Speaking of trailers that made me say "holy smokes," get a load of Tarantino 'n' Rodriguez's Grind House. I guess this one mostly focuses on Rodriguez's "Planet Terror" half of the double feature. Hoo doggie.
I wish I could remember where I first saw this link, but Full Metal Jacket's nightmarish drill sergeant R. Lee Ermey (currently starring in that Texas Chainsaw remake prequel) says that Stanley Kubrick hated his own Eyes Wide Shut because of the work turned in by superstar couple Tom Cruise and Nicole Kidman. Far be it from me to disagree with Kubrick about Kubrick, but, well, I disagree.

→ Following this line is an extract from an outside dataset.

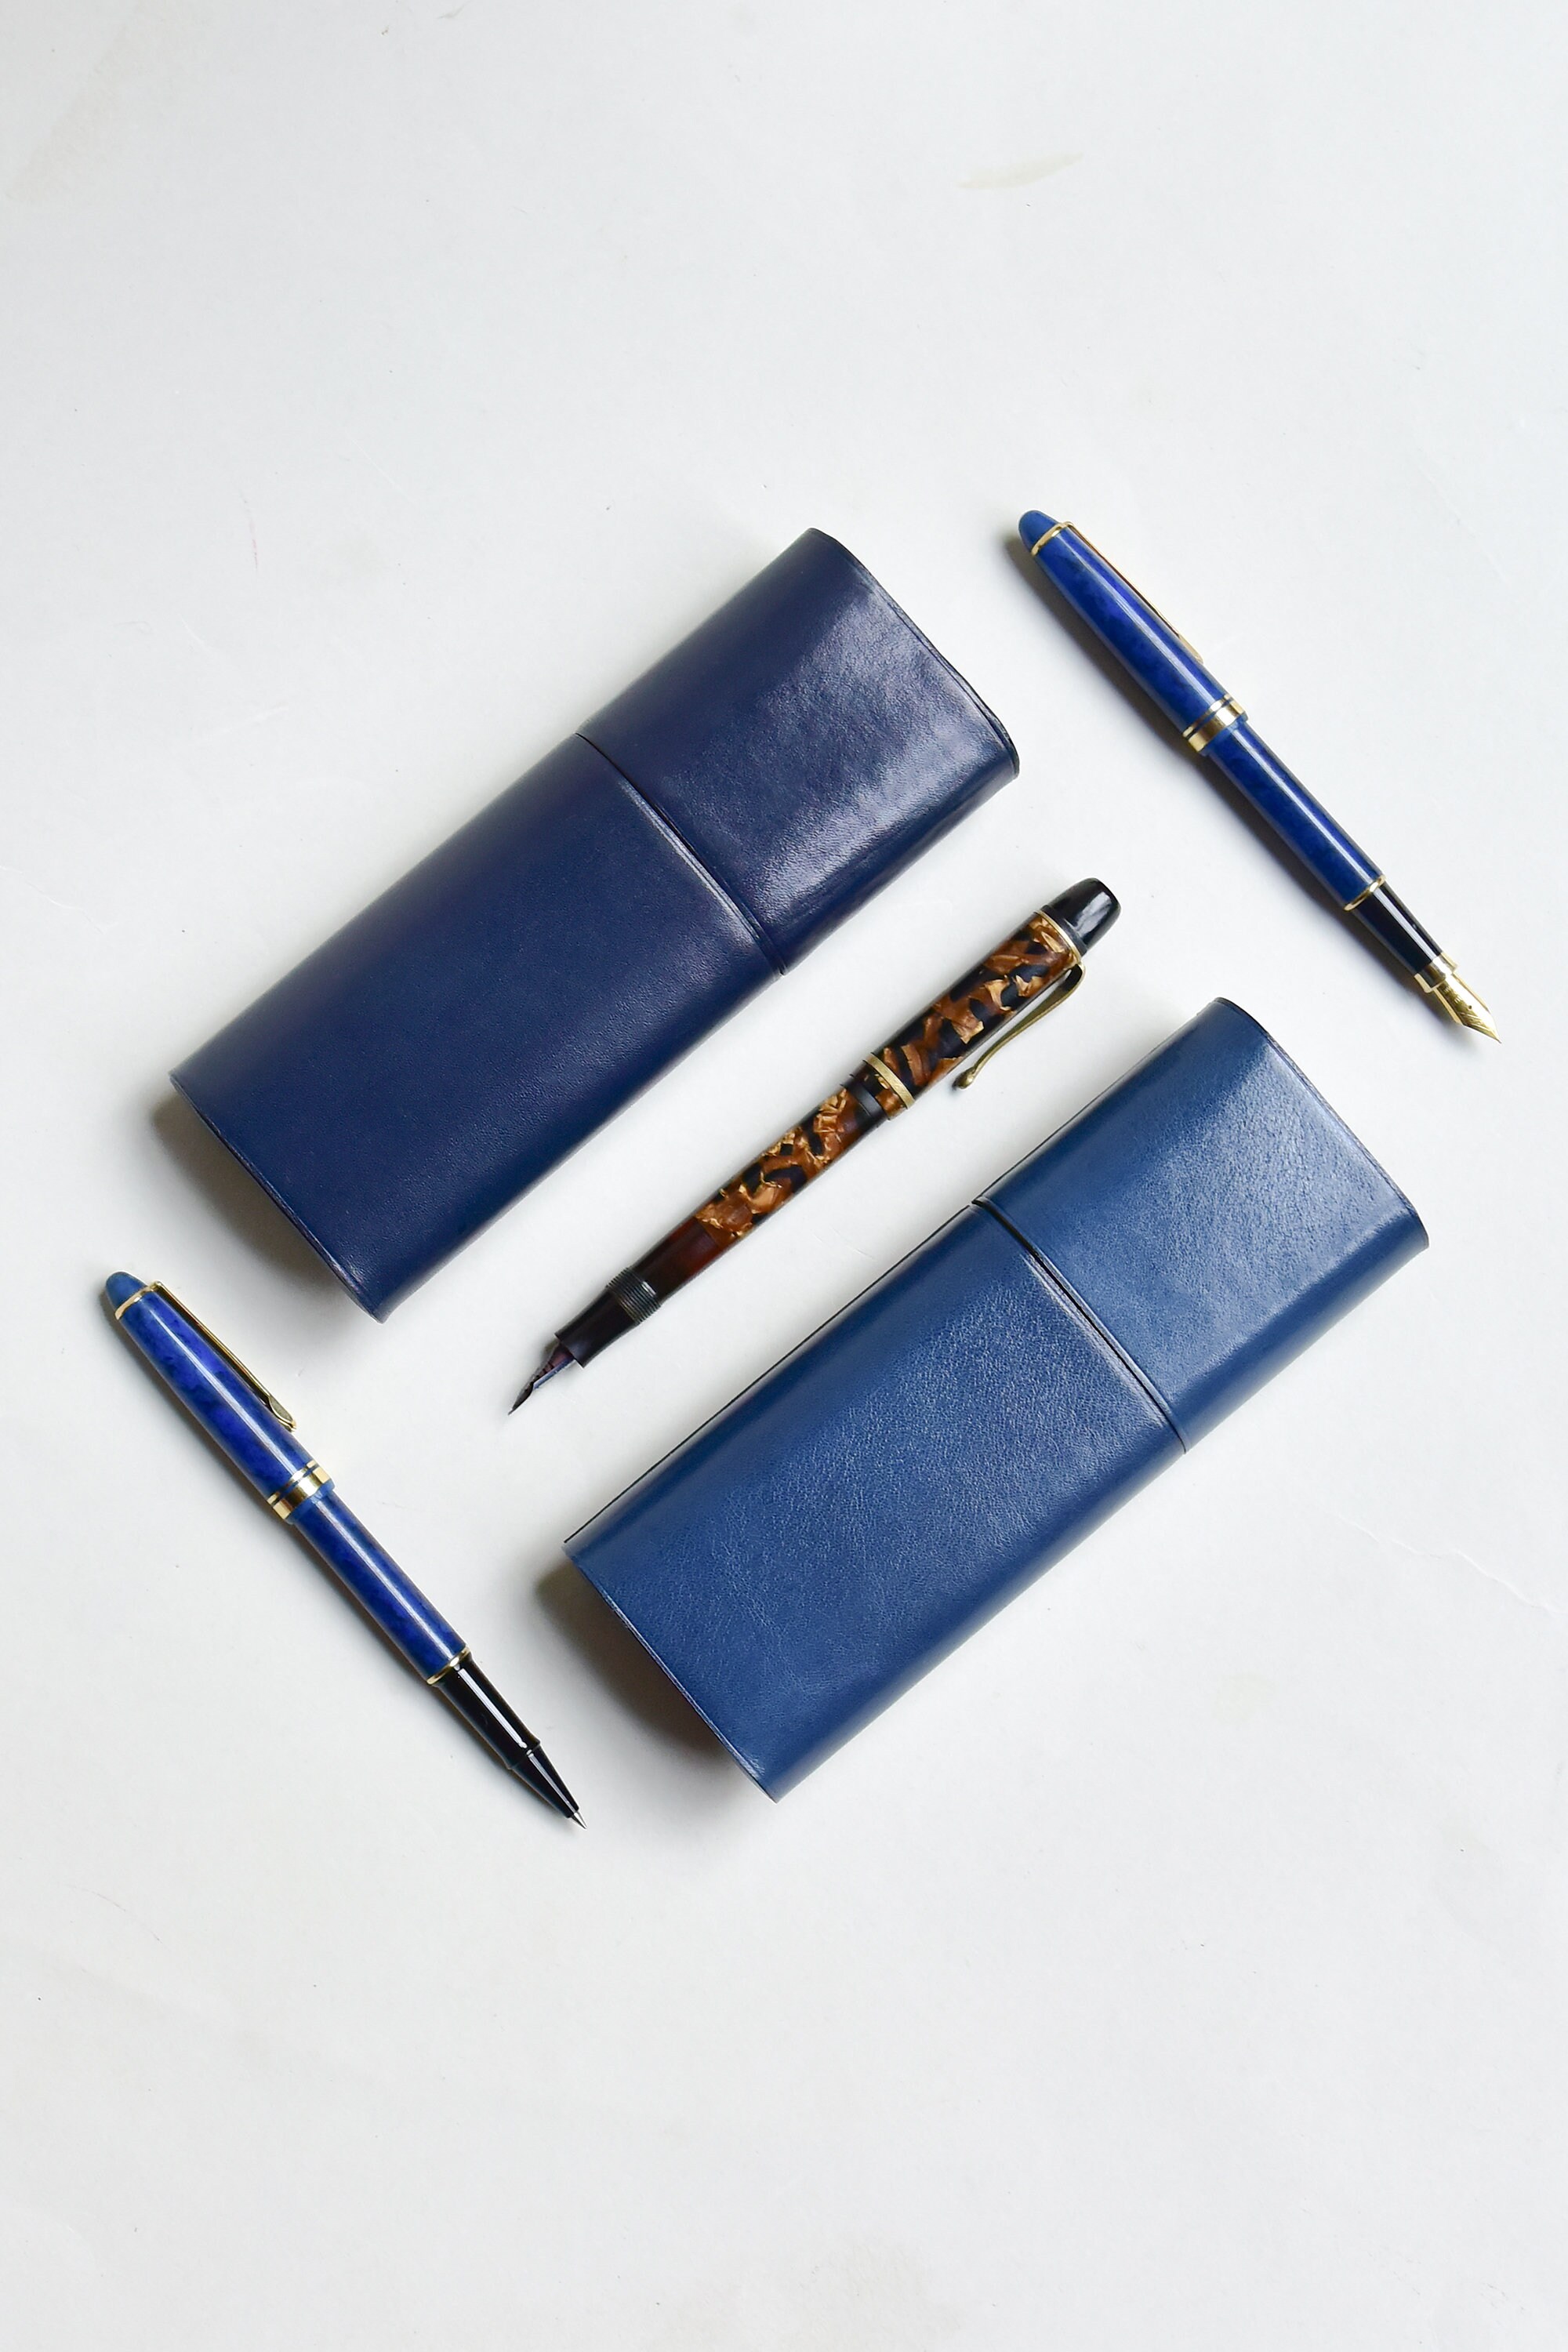 Wholesale Portable Vintage Leather Pen Case With 2 Slots For Fountain And  Ballpoint Pen Set From Huanlingluo, $21.34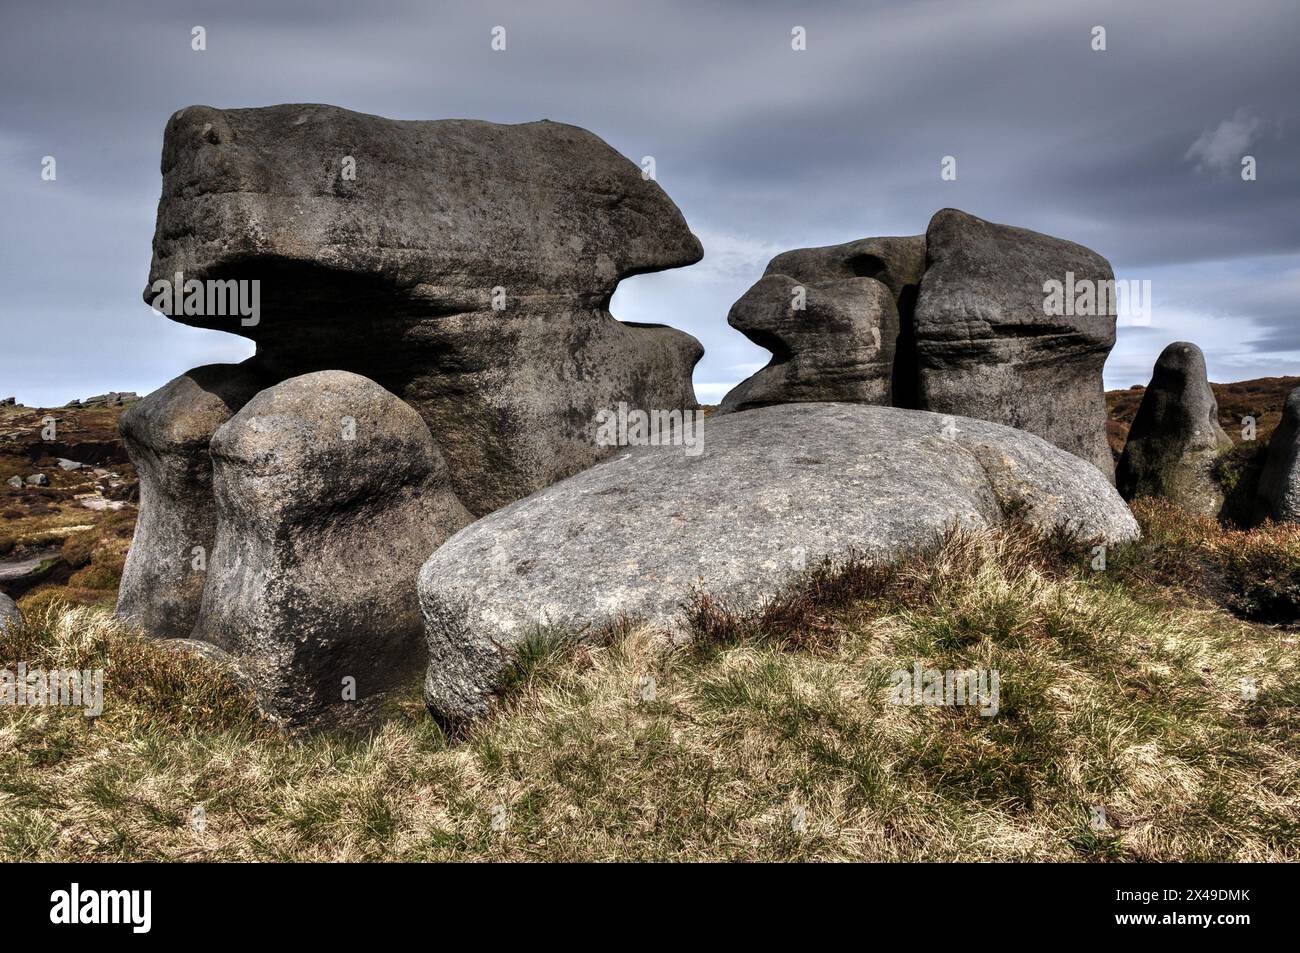 Massive, weird, eroded rock formations in the area known as The Woolpacks on Kinder Scout, Peak District. Looking like two lizards. Stock Photo

In a similar vein, Jared von Hindman's Head Injury Theater is chock full of looooooong tributes to various horror classics, as well as "horror" "classics." From Clive Barker and The Descent to The Monster Squad and Lifeforce, there are dozens of ways to spend a lazy workday not working around this impressive site. Is there any better thing to do on Friday the 13th?
After receiving a couple of emails from concerned bloggers, I took a look at the Horror Blog Update Page, and man, is it screwed up. It looks as though a large number of blogs listed on the site are not having their updates registered. Unfortunately, I've learned over the couple of years that I've been maintaining the page that there's really not a lot that can be done about problems with it--it runs off of blo.gs, which has been a miserable, buggy piece of shit ever since Yahoo took it over. My only advice is to sit tight and hope for the best, unfortunately.
Ladies and gentlemen, I give you an Indian knockoff of Michael Jackson's "Thriller" video. I simply cannot begin to describe its sheer awesomeness.
At a couple of points I think he's saying the same thing that Mola Ram says when he rips the guy's heart out in Temple of Doom. I guess that means something scary in Hindi?
Last week's Horror Blog Horror Roundtable saw me waxing nostalgic for my bright college years and the Rocky Horror experiences I had therein.
This week's Lost TVQB roundtable review is up at the day job, and if I do say so my damn self it's a hoot, thanks to some particularly candid responses from the participants. I should also have you know that I passed up a chance to go backstage at the Goldfrapp concert in NYC last night so as to dutifully return home and watch this show on my TiVo, that's how goddamn devoted I am to you people.
Also at the day job: this week's TMQB comic review roundtable, which sees me mouthing off about the most recent installments of WildCats, 52, Union Jack, The Authority, Civil War: X-Men, The Exterminators, Ghost Rider, Omega Men, Runaways, Ultimate Fantastic Four, and X-Men: First Class.